14. Ce matin, Jukin a les idées claires.
Le tube néon qu’il a installé un mètre au dessus de son lit pour se réveiller plus rapidement, le brûle d’une lumière blanche. Tellement forte qu’il a l’impression qu’elle éclaire sa pensée. Les idées noires disparaissent entre les circonvolutions de sa cervelle. Total, le réveil n’en est pas moins brutal. Ce qui lui donne l’impression de vibrer légèrement. Le passage du sommeil profond à un immédiat état de conscience est désagréable, mauvais. Pourtant, la lumière blanche dans son esprit fait naître des envies joyeuses et altruistes. Il désire aider une vieille à traverser, un enfant à faire ses devoirs, un sourd et muet à apprendre le langage des signes.
Plein d’entrain, il sauta de son lit et sortit de sa chambre. Dans le séjour, la lumière naturelle rayonnait déjà. Cependant, son cerveau ne subissait plus les effets du néon. Les idées noires en profitèrent pour ressurgir et comme une vengeance, elles submergèrent complètement son cerveau. Jukin alla se poster dans sa salle de bain, et par le petit trou du mur du côté, il observa les fenêtres de l’immeuble en face. Il se l’était interdit jusque là, mais ne pouvait pas s’en empêcher aujourd’hui. La voisine arriva dans sa salle de bain et ôta son peignoir. Il profita de ses courbes harmonieuses, la main dans le caleçon. Puis il enfila à la va vite des vêtements quotidiens et rejoignit une rue. Un petit homme maigre le croisa, il le frappa violement au visage. Le temps qu’il l’observe s’affaler ridiculement au sol, il s’immobilisa sous une enseigne lumineuse blanche. Des photons purs atteignaient sa matière grise. Les pensées noires refluèrent immédiatement. Jukin se précipita dans l’obscurité d’une ruelle perpendiculaire, s’accroupi et pleura.
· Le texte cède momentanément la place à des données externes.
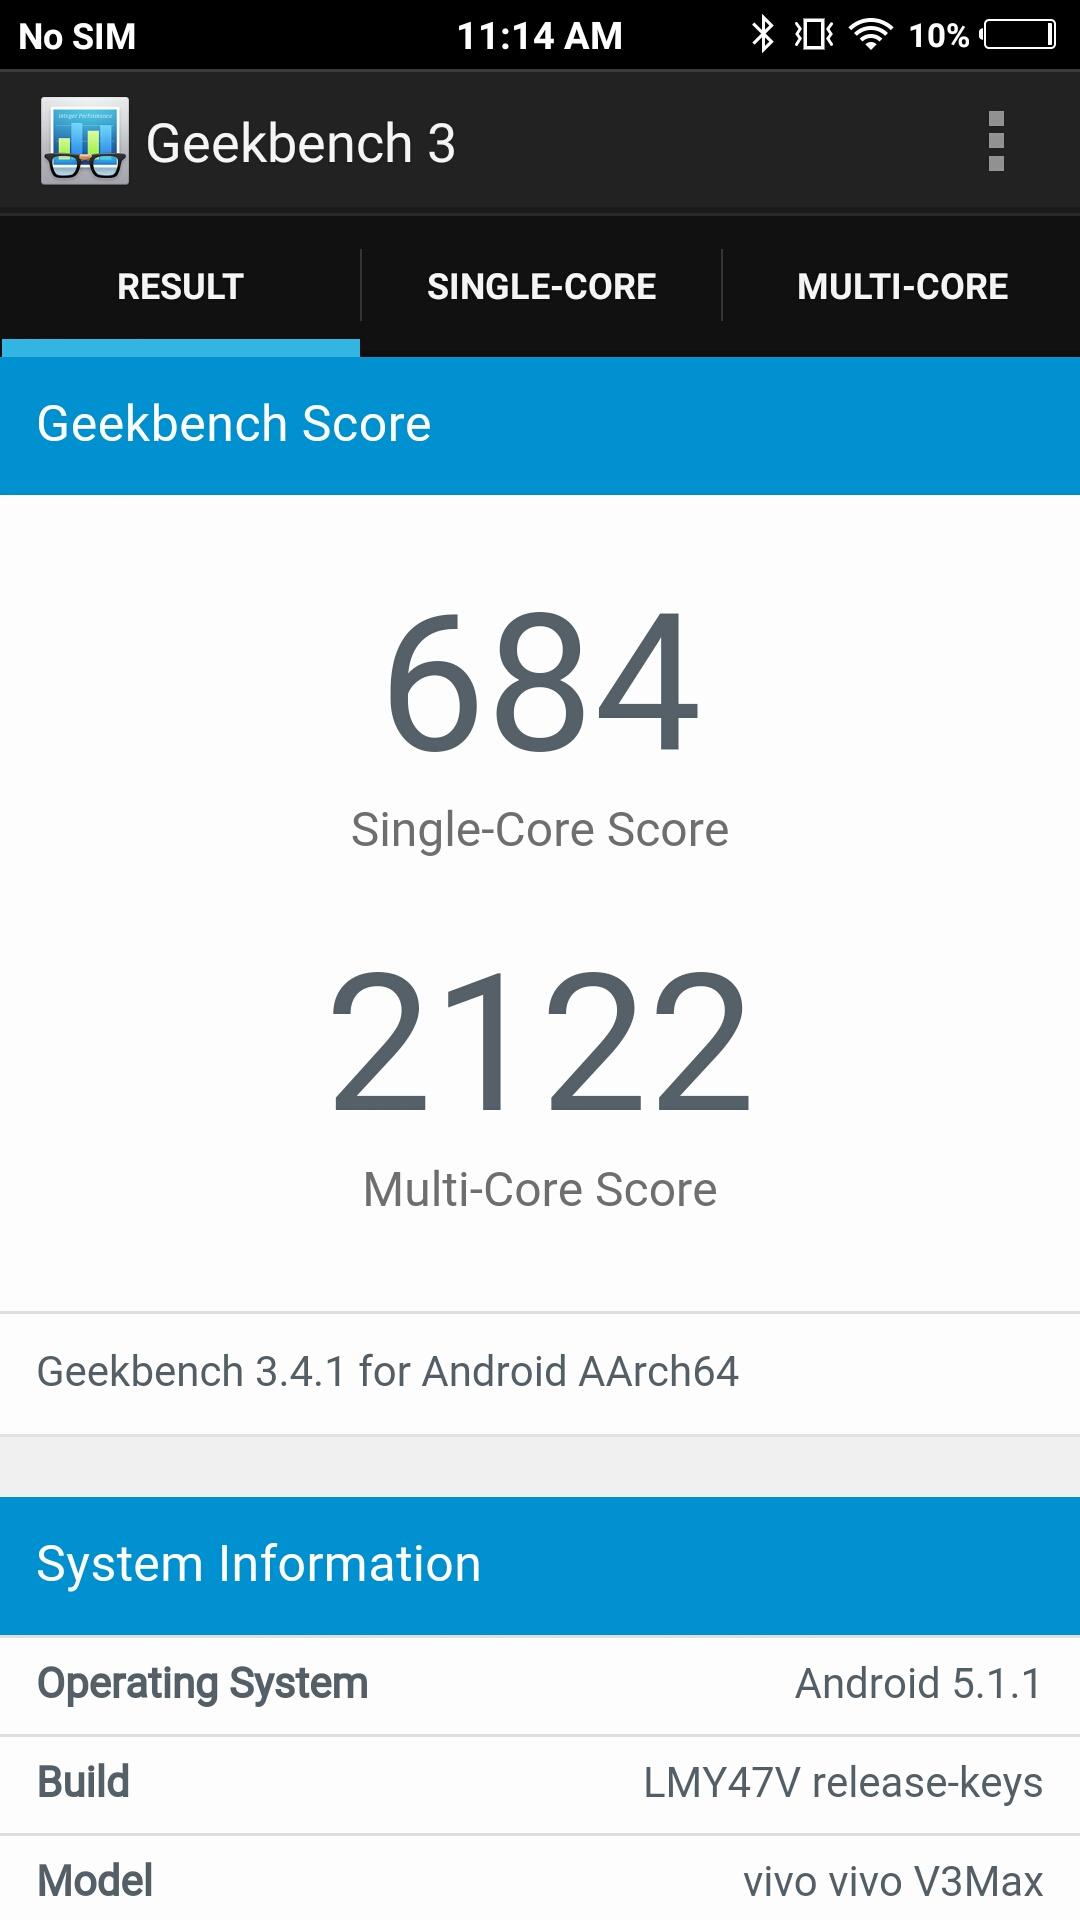 Vivo v3 Max GeekBench Benchmark Score Image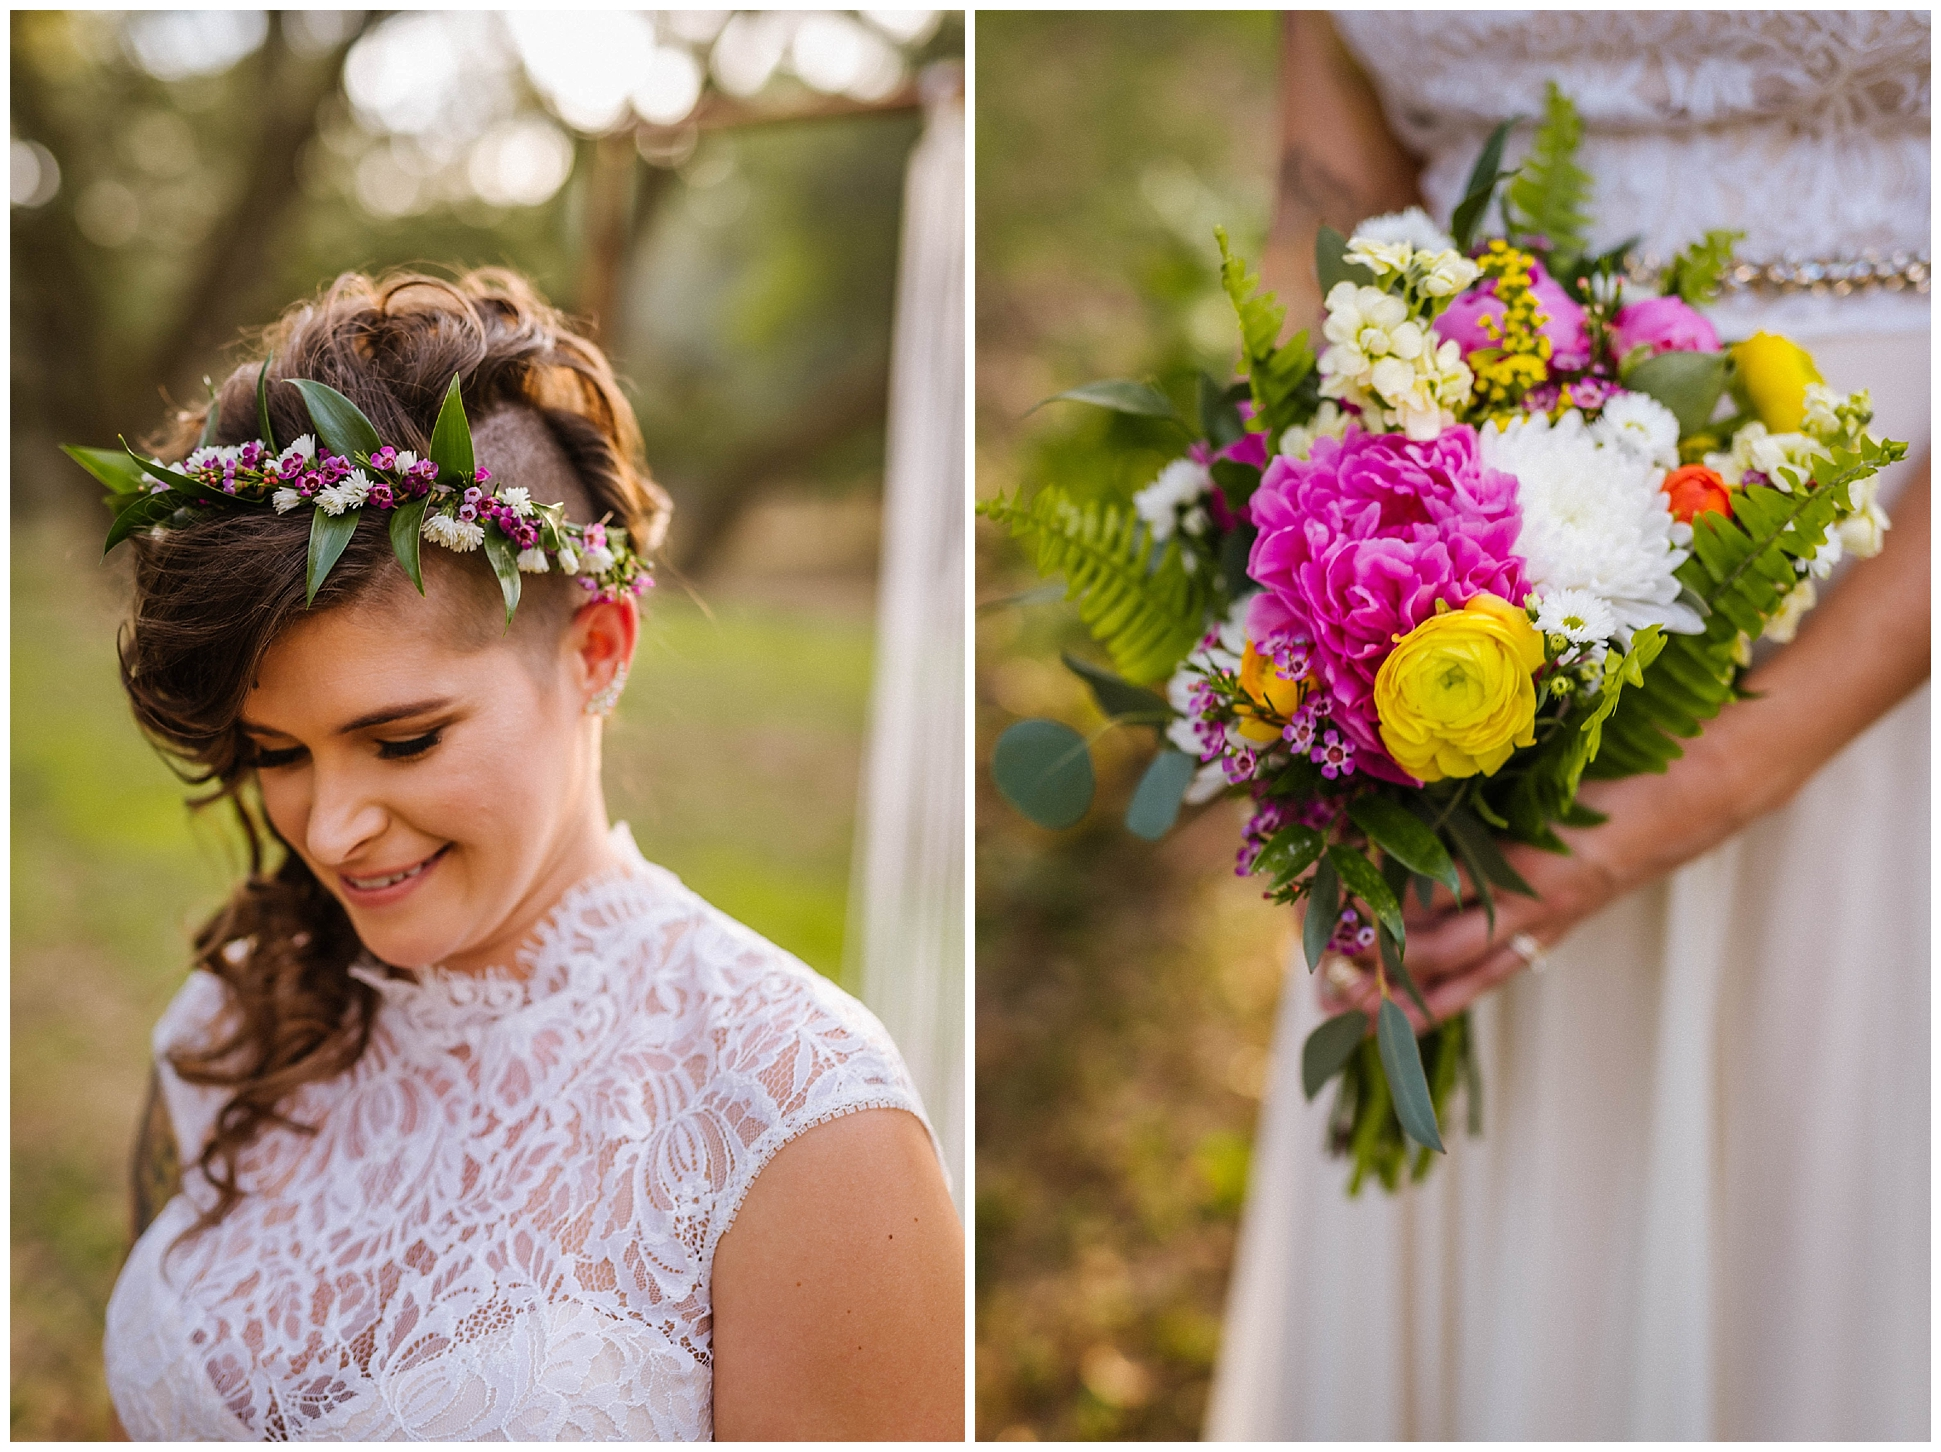 magical-outdoor-florida-wedding-smoke-bombs-flowers-crown-beard_0041.jpg

Juste avant que les idées sombres ne l’envahissent de nouveau, il réalisa qu’il avait interrompu un équilibre primordial en lui. Qu’il devait absolument le rétablir. En attendant, il avait déjà regagné l’allée principale, volé la glace d’un petit garçon uniquement pour la jeter dans la poussière, et shooté si violement dans le talon d’une anorexique qu’elle s’était non seulement écroulée, mais que sa jambe s’était luxée de sa hanche. Il luttait intérieurement contre son lui obscur, ce qui lui semblait au-delà de ses forces. Mais entre une claque à une vieille handicapée ridée et un doigt dans l’œil d’un innocent, un éclair de lumière lucide avait électrocuté son cerveau : il devait retourner ces pensées égoïstes contre lui.
Le premier doigt tranché au couteau de chasse ne fût pas le sien, mais l’intention y était. Il se fit alors des entailles sur le dessus des mains, il était sur la bonne voie.
Le second doigt tranché ne fût pas le sien non plus. Malheureusement des passants aléatoires faisaient les frais de ses hésitations à s’automutiler. Il passa une cordelette autour de son coup et serra vivement. Sa peau se déchirait au frottement de la fibre. L’équilibre commençait à se rétablir. Mais il devait accomplir un acte symbolique rédempteur, un don de lui-même afin de mériter le retour total au calme.
Il trancha son petit doigt de la main gauche. Ça craqua comme une carotte crue sous la lame. Le geste net et précis cautérisa la plaie instantanément. Il ne ressentit rien, la douleur était hors sujet. Lentement, il regagna le chemin de son domicile. Son regard flottait, son corps avançait automatiquement. Arrivé dans sa chambre, il grimpa sur son lit, débrancha et décrocha immédiatement le néon.